◆ Information shown ◆
· · ·

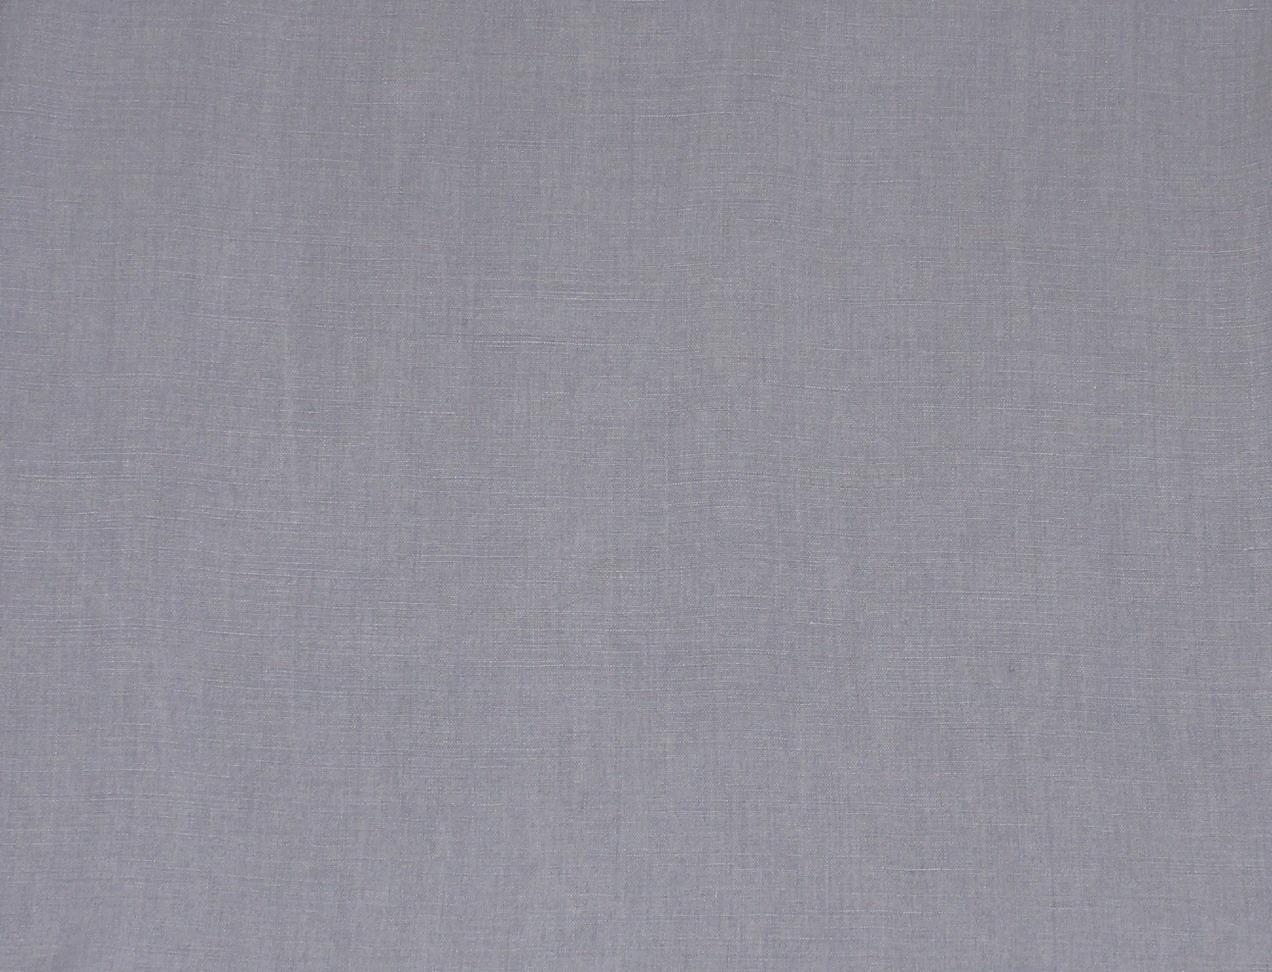 CORTONA Lavender
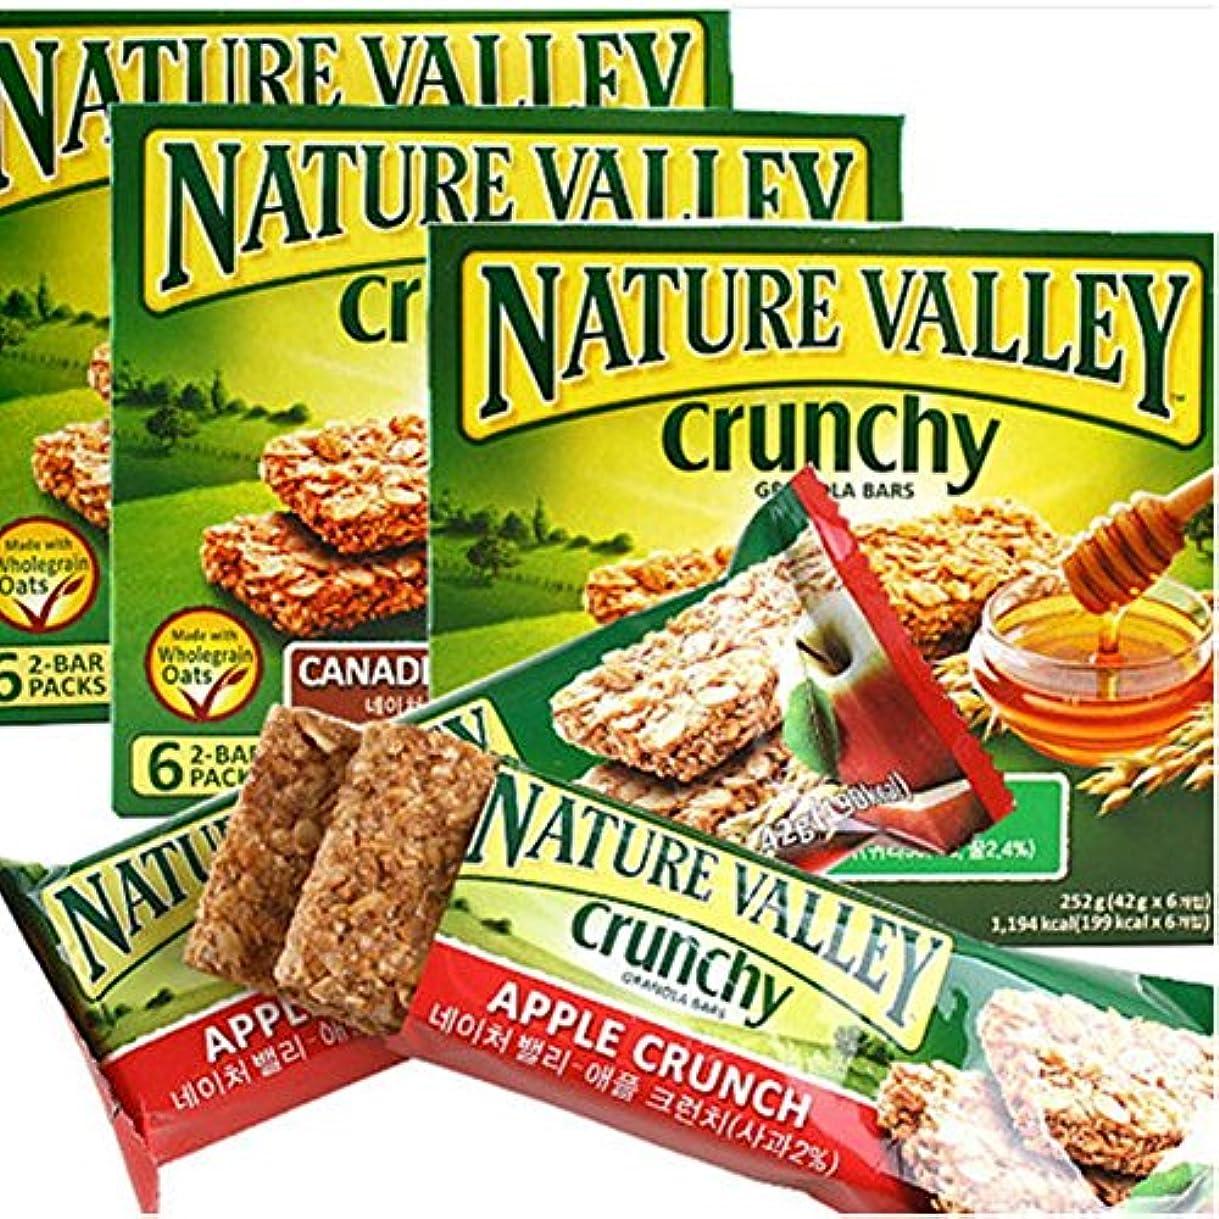 財布直面するニンニク[ネイチャーバレー/Nature Valley] CANADIAN MAPLE SYRUP/ネイチャーバレークランチグラノーラバー42g5パックx3 Box - メープルシロップ(合計15袋)穀物バー/シリアル/栄養のバー...
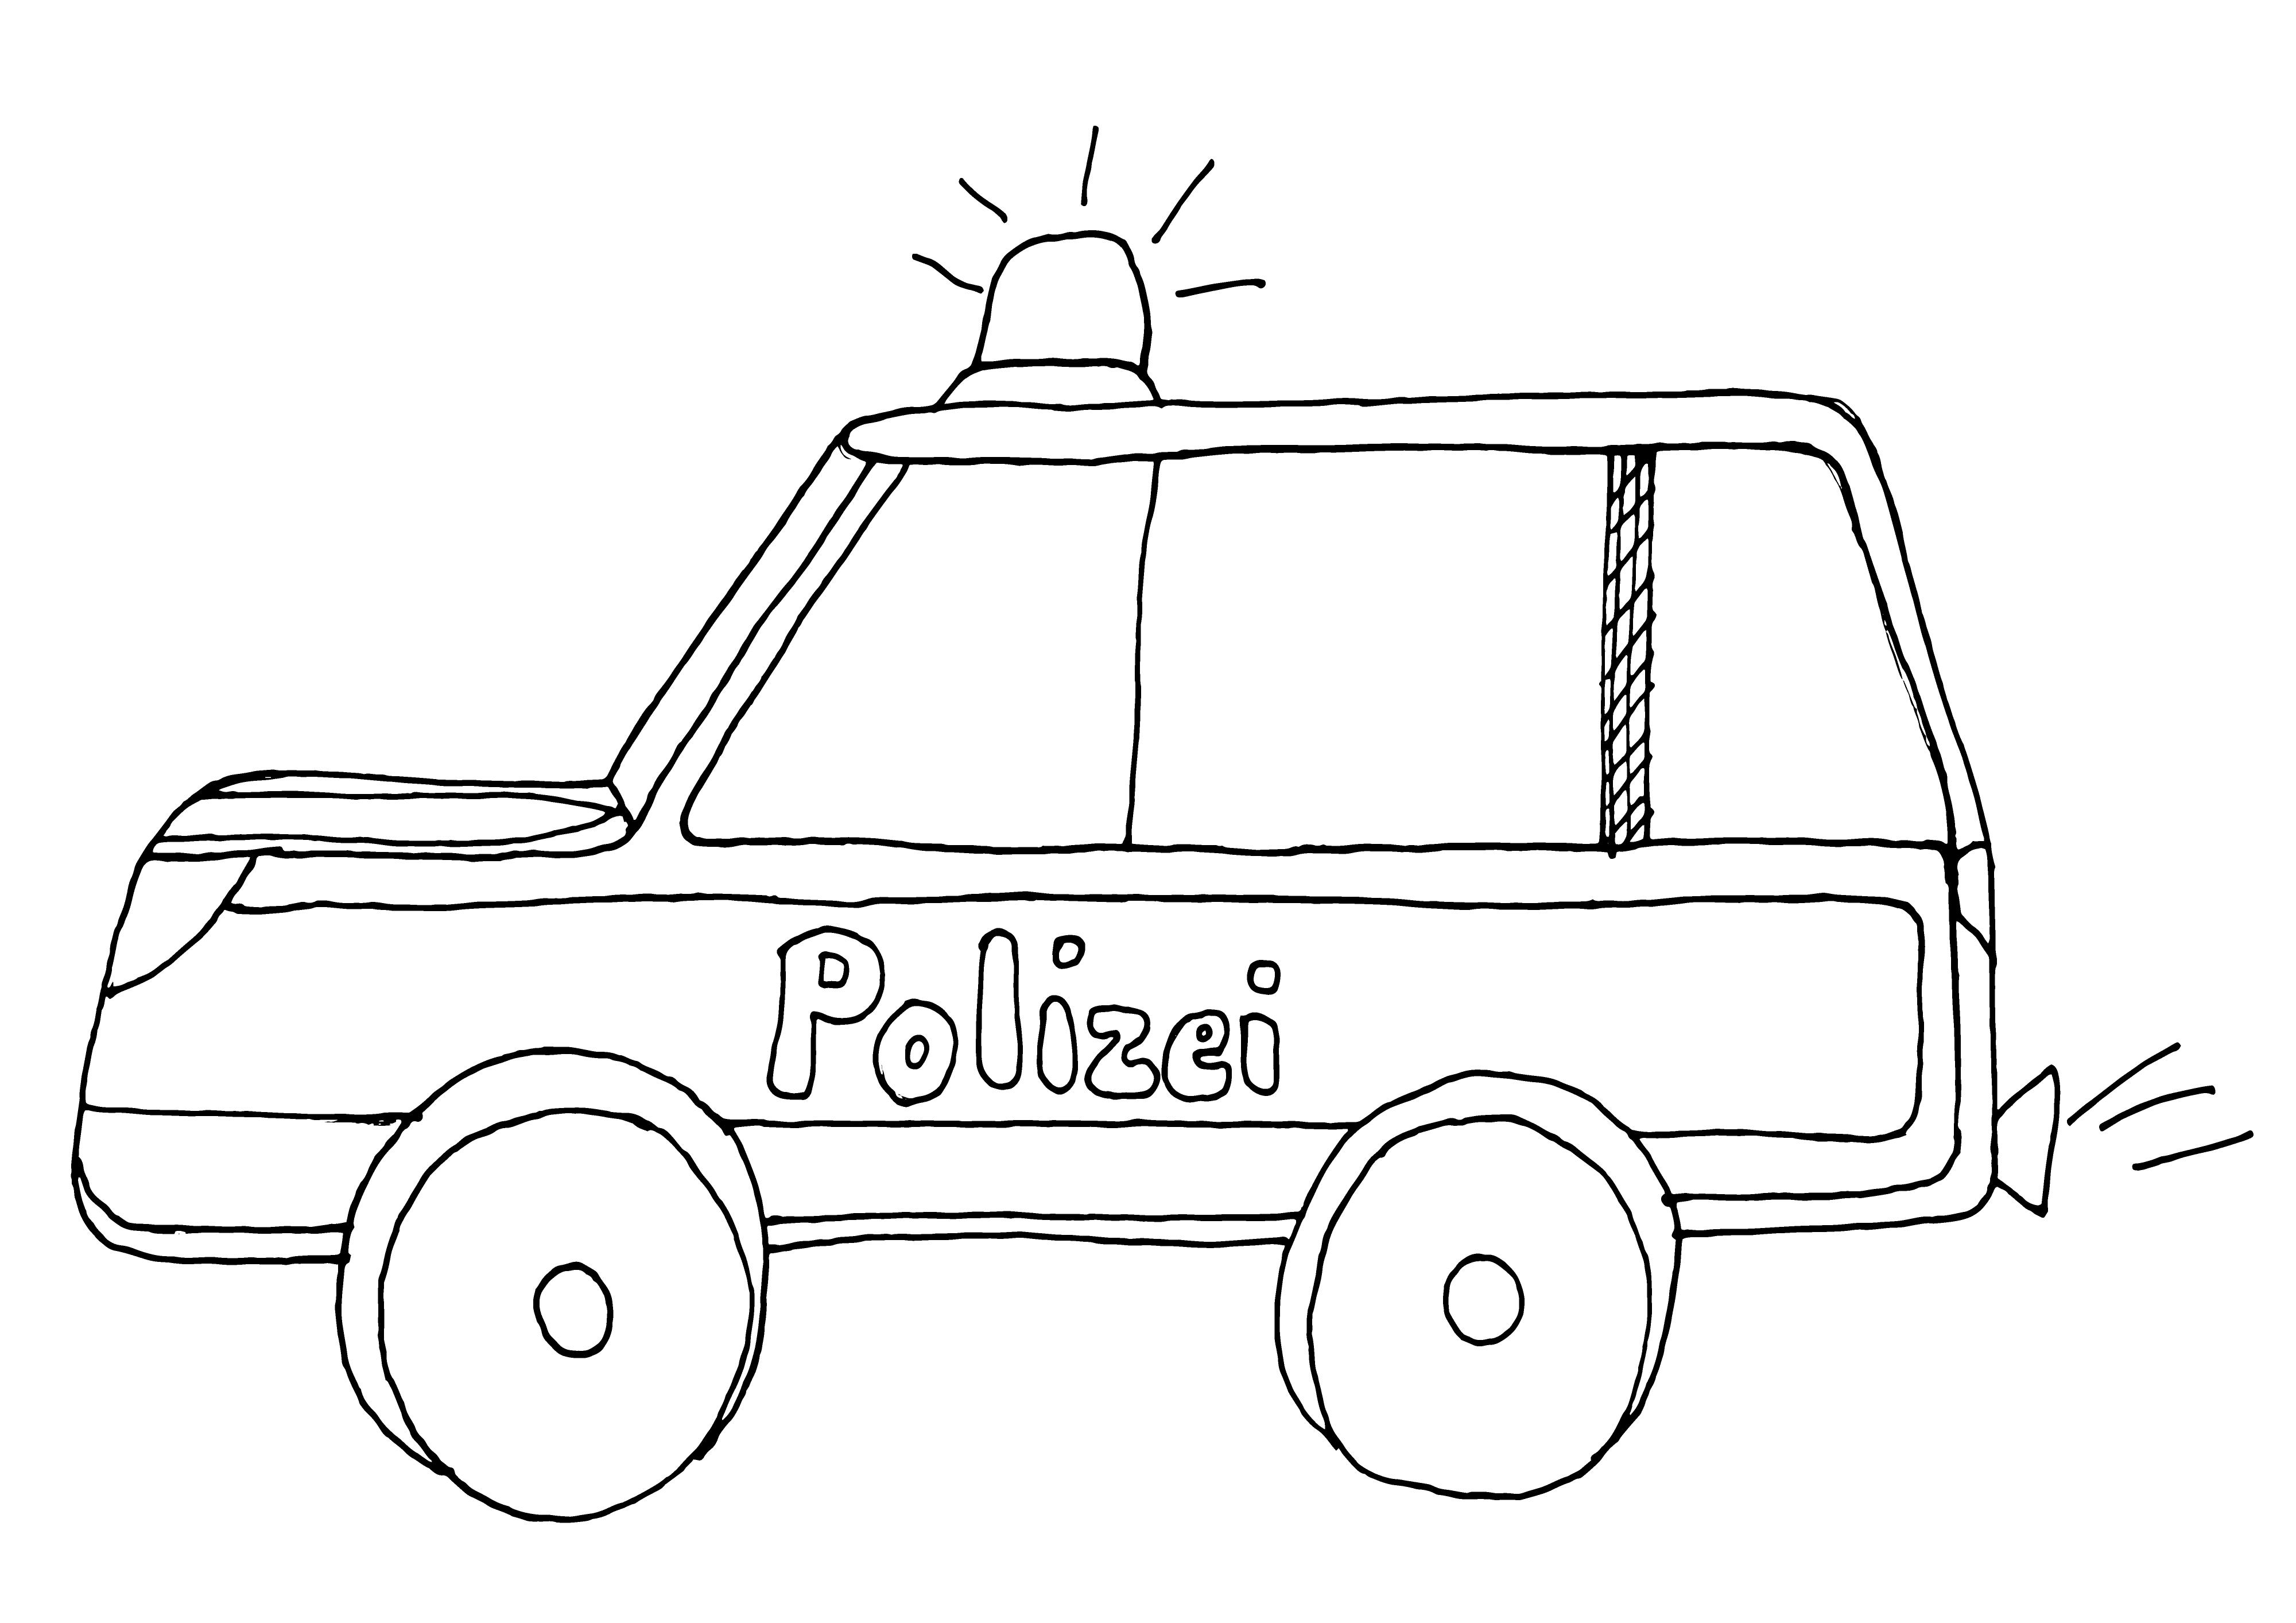 Polizeiauto Mit Blaulicht Ausmalbild | Polizei | Pinterest
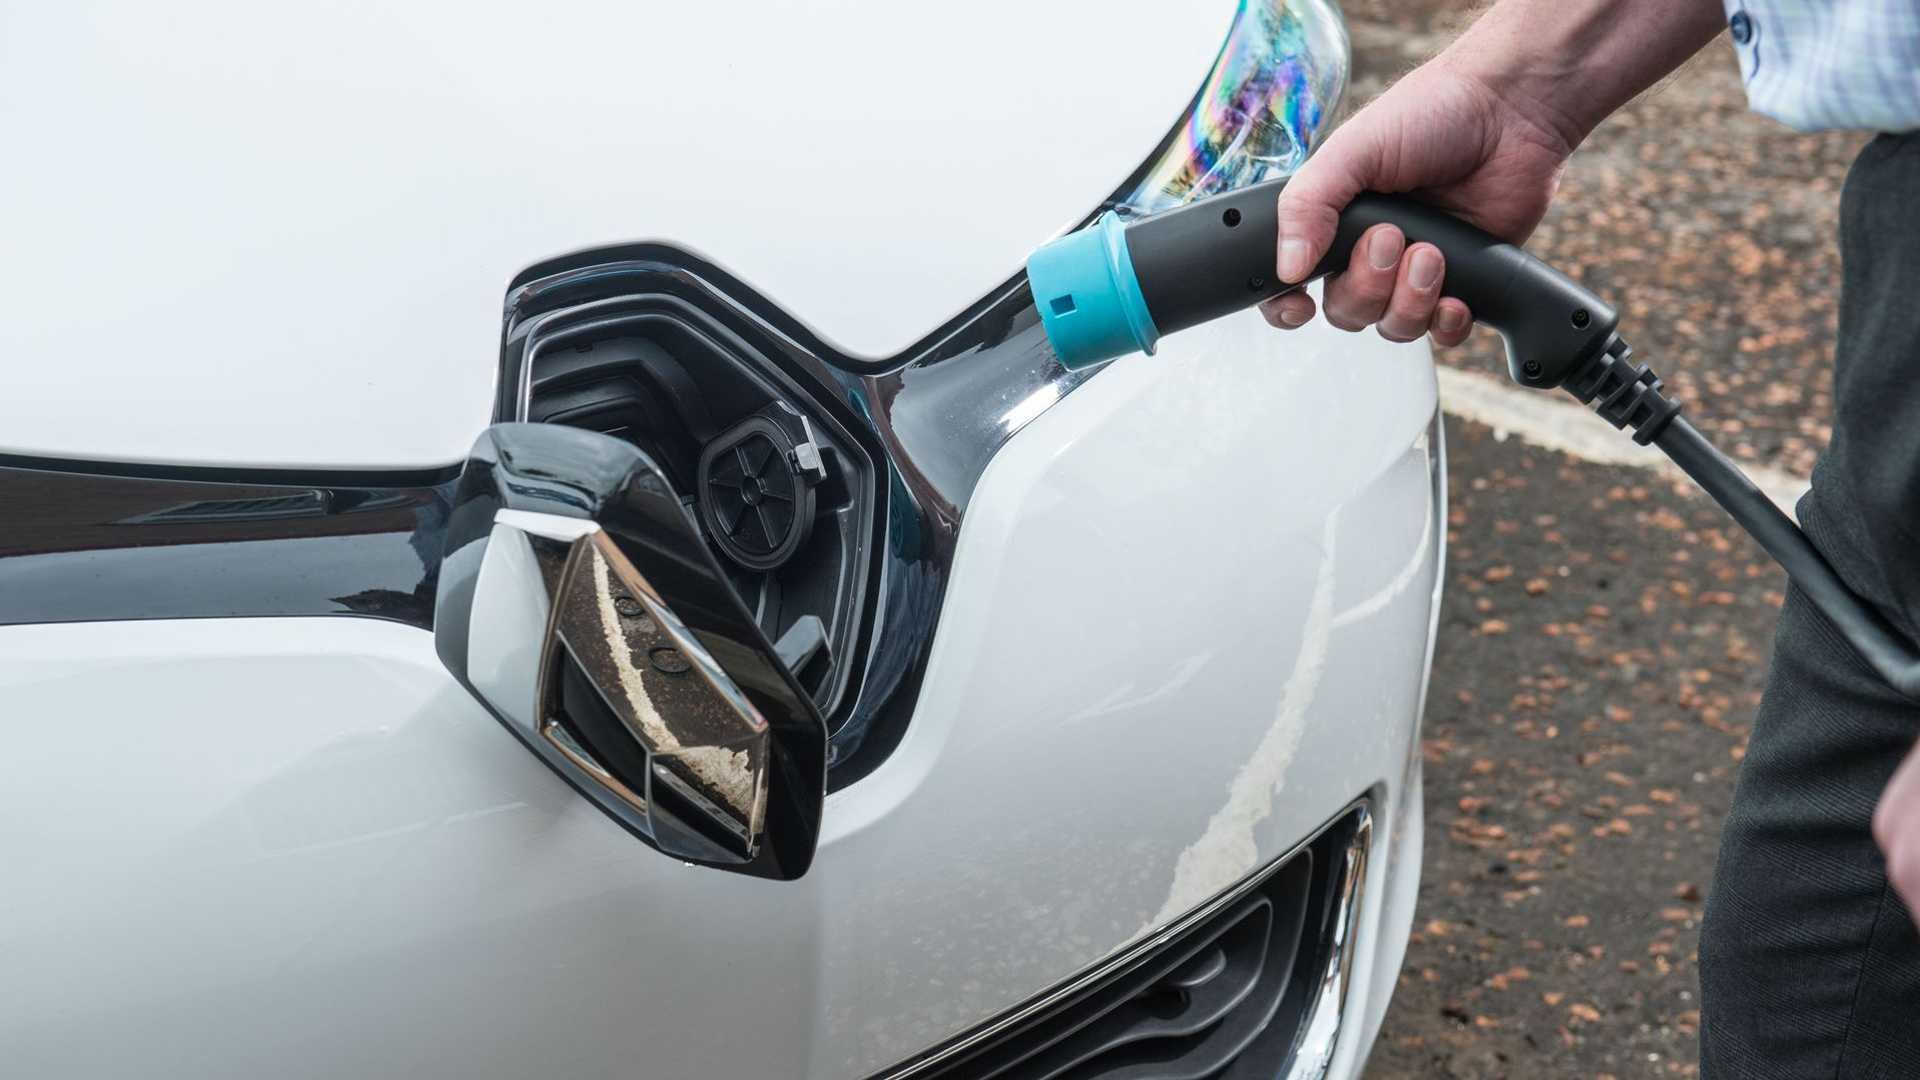 Francja ma stać się liderem w produkcji samochodów elektrycznych

· · ·

◆ Task item ◆
Write the data out again exactly, but without its images.

◆ Expected output ◆
 CORTONA Lavender
 財布直面するニンニク[ネイチャーバレー/Nature Valley] CANADIAN MAPLE SYRUP/ネイチャーバレークランチグラノーラバー42g5パックx3 Box - メープルシロップ(合計15袋)穀物バー/シリアル/栄養のバー...
 Polizeiauto Mit Blaulicht Ausmalbild | Polizei | Pinterest
 Francja ma stać się liderem w produkcji samochodów elektrycznych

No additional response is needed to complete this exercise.